Audiostreet, April 2001, Catherine Pate

"No good careers are really sudden. It's two or three years since the world has known about Jose Cura, but there were another 20 (years) before that. I wasn't invented by the media or my record company. I'm the result of hard work and that makes me feel comfortable."

October 1999, Opera, John Allison

"A career is like an iceberg, most of it under water."

Opera Magazine, October 1999, John Allison

"When I am criticised as a result of my professional performance, that is OK. But when the review is about the way I dress, the way I walk, the way I move my hands, that is completely wrong."

Electronic Telegraph April 2001, Paul Gent

"I hate the word tenor. I don't hate ‘being’ a tenor, but what I don't like is that 'tenor' puts an ‘original sin’ on you, from which you cannot be forgiven..."

Classic CD, December 1999, Jeremy Pound

"Some mornings I wake up and wonder if I am doing the right thing for the artist and myself, as opposed to the career."

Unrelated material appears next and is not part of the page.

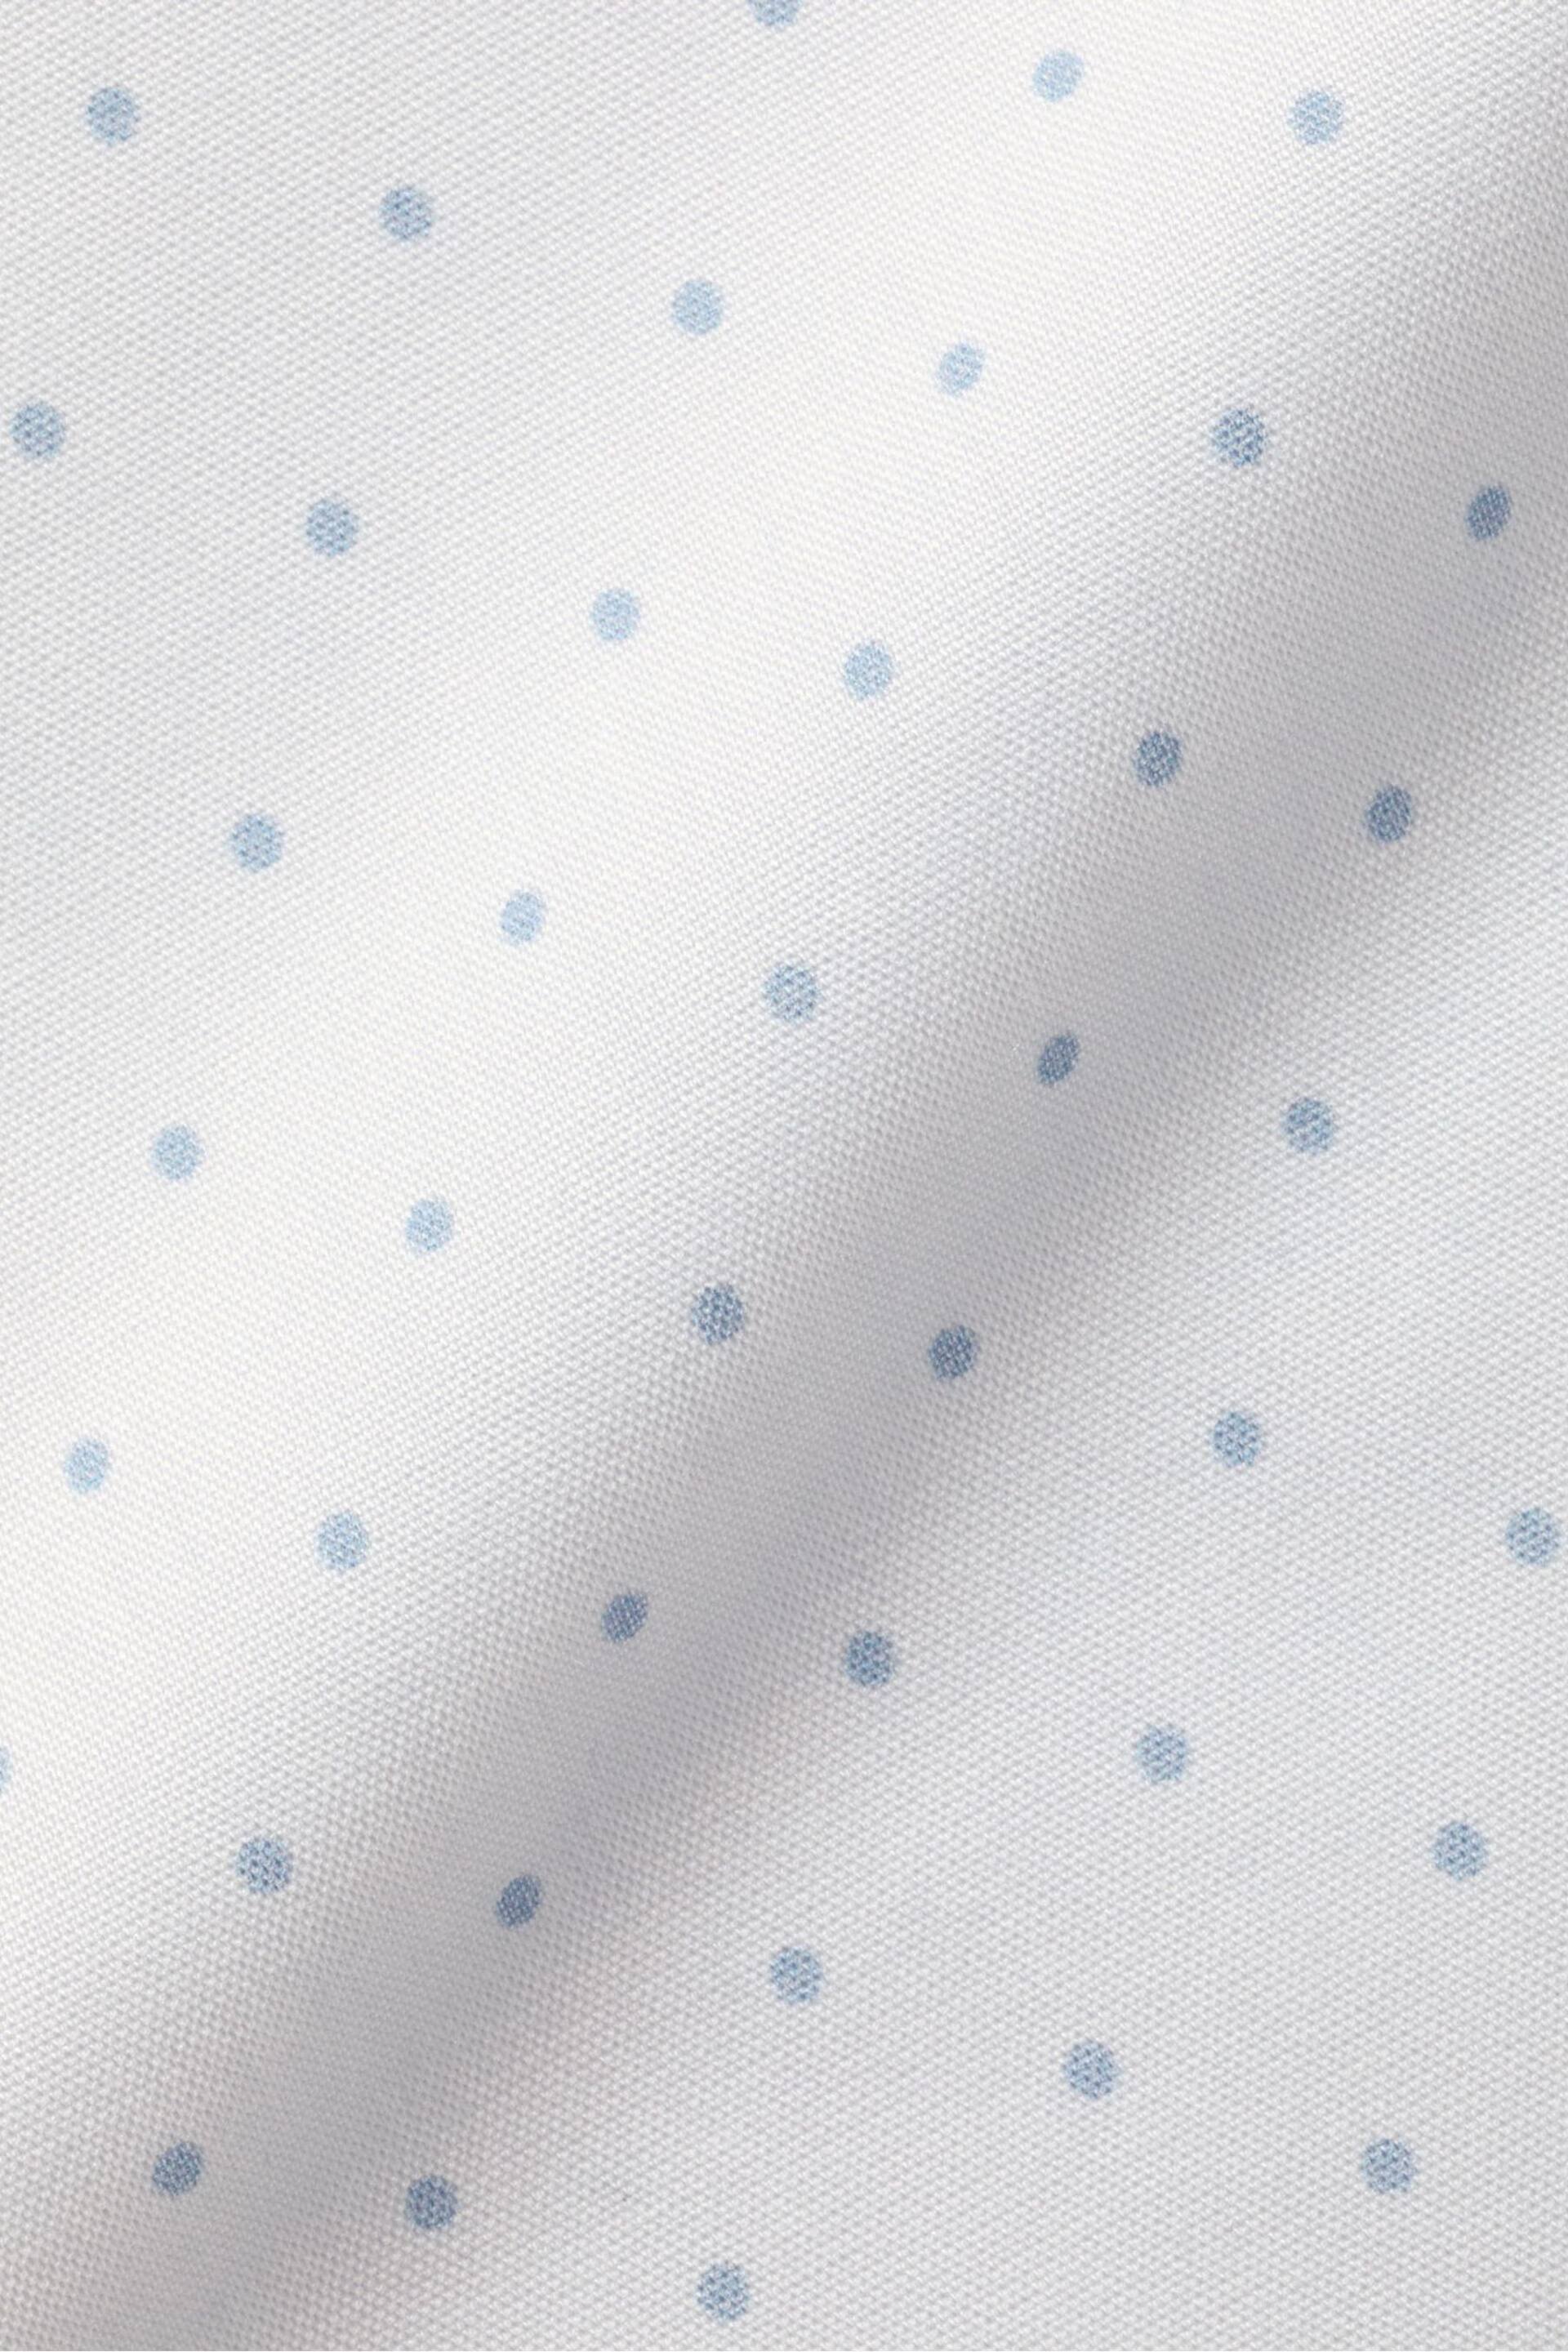 Charles Tyrwhitt White Slim Fit Spot Non-Iron Print Shirt - Image 5 of 5

Time Magazine, March 2, 2001, James Inverne

"One of the challenges of trying to keep opera alive is to make it thrilling: you're taking dangers, you're taking risks, you're making efforts to be different. Nothing is more frustrating for an audience than having a singer standing open-legged in the middle of the stage, trying to make sure that every note is in exactly the same place. It's boring and pathetic."

Classicalnet, 1998, Jeremy Pound

"I think that God was always surveying and controlling my life and saying: ‘You're going to be a singer even if you don't want to be a singer. It will take time to convince you, but you're going to be a singer’. Well..."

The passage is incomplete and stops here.